Mrs. Sasaki straightens up the desk. “We’re a part of her schedule. It costs nothing to be civil to her. Did you work out what her ‘pictures’ are?”
“Some sort of family albums, I figured?”
“I took her literally at first, too.” Mrs. Sasaki speaks carefully, the way she does. “But I think she’s talking about her memories.” We watch her disappear in the shimmer. Cicadas wind up and wind down.
The moon has moved. Anju sips her tea, calm again. I am between sleeping and waking. I am doing my best to remember our mother’s face. I think I remember a perfume she wore, but I cannot be sure. Remembering her voice is easier. I feel Anju settle inside my sleeping curl. She is still thinking. “The last time we saw her was at Uncle Yen’s in Kagoshima. The last time we left Yakushima.”
“The secret beach birthday. Two years ago?”
“Three. Two years ago was the rubber dinghy birthday.”
“She left suddenly. She was staying all week, then she just wasn’t there.”
“Want to know a secret?”
/> I am awake again. “A real one?”
“’Course it’s a real one. I’m not a little kid.”
“Go on, then.”
“Wheatie told me never to tell anyone, not even you.”
“What about?”
“When she left that day. Mom, I mean.”
“You kept a secret for three years? I thought she left because she was ill.”

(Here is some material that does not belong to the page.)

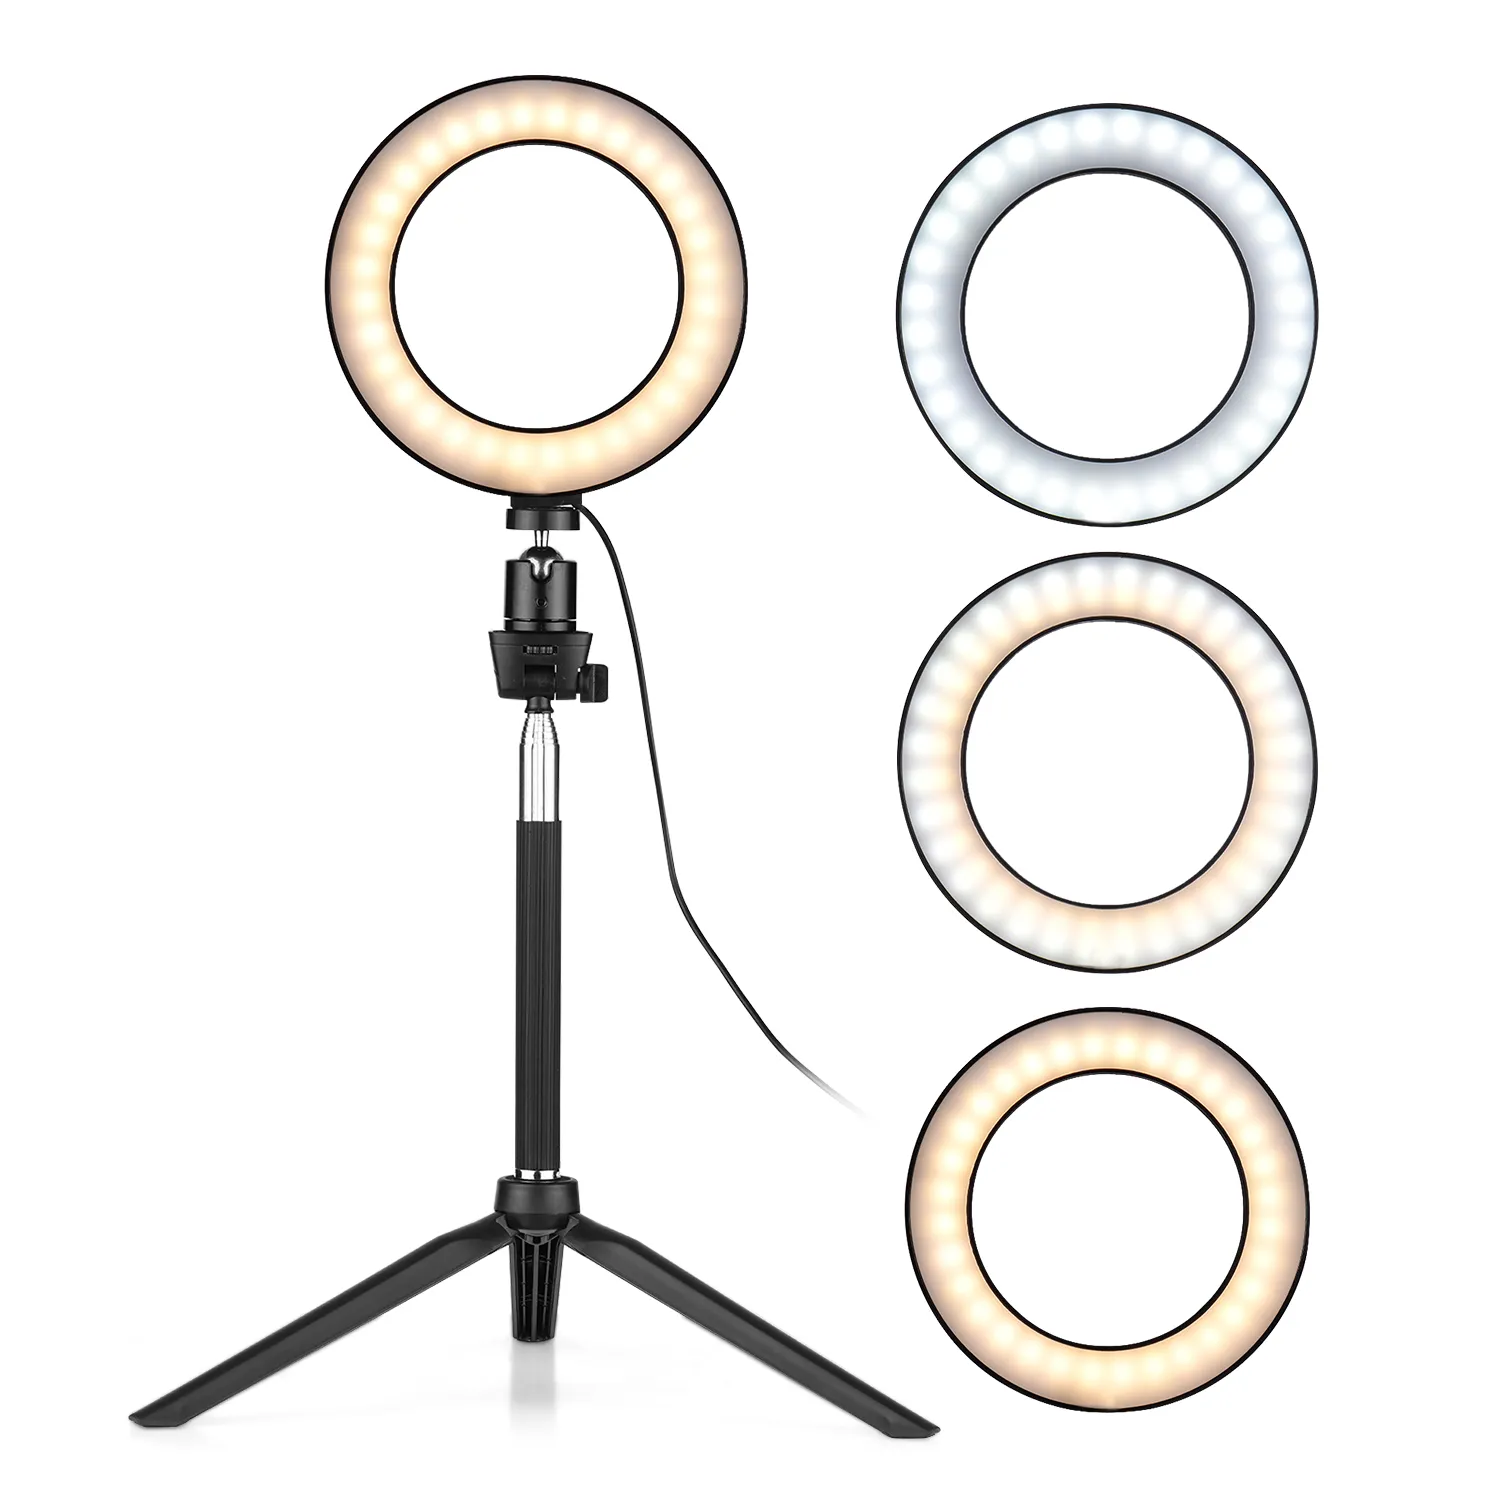 6 بوصة البسيطة LED حلقة مصباح ضوء التصوير عكس الضوء 3 إضاءة وسائط سطح البسيطة ترايبود Ballhead لصورة شخصية التصوير الفوتوغرافي

Anju yawns, indifferent to what I think or thought.
“Tell me.”
“I was sick that day. You were at soccer practice. I was doing homework on the downstairs table. Mom started making tempura.” Anju’s voice has gone sort of limp. I prefer it when she blubbers. “She dipped weird stuff into the batter.”
“What weird stuff?”
“Stuff you can’t eat. Her watch, a candle, a tea bag, a lightbulb. The lightbulb popped when she put it in the oil and she laughed funny. Her ring. Then she arranged everything on a dish with shiso leaves and put it in front of me.”
“What did you say?”
“Nothing.”
“What did she say?”
“She said she was playing. I said, ‘You’ve been drinking.’ She said, ‘It’s all Yakushima’s fault.’ I asked her why she couldn’t play without drinking. She asked me why I didn’t like her cooking. She said to eat my dinner up like a good girl. I said, ‘I can’t eat those things.’ So she got angry. You remember how she got on her visits sometimes?”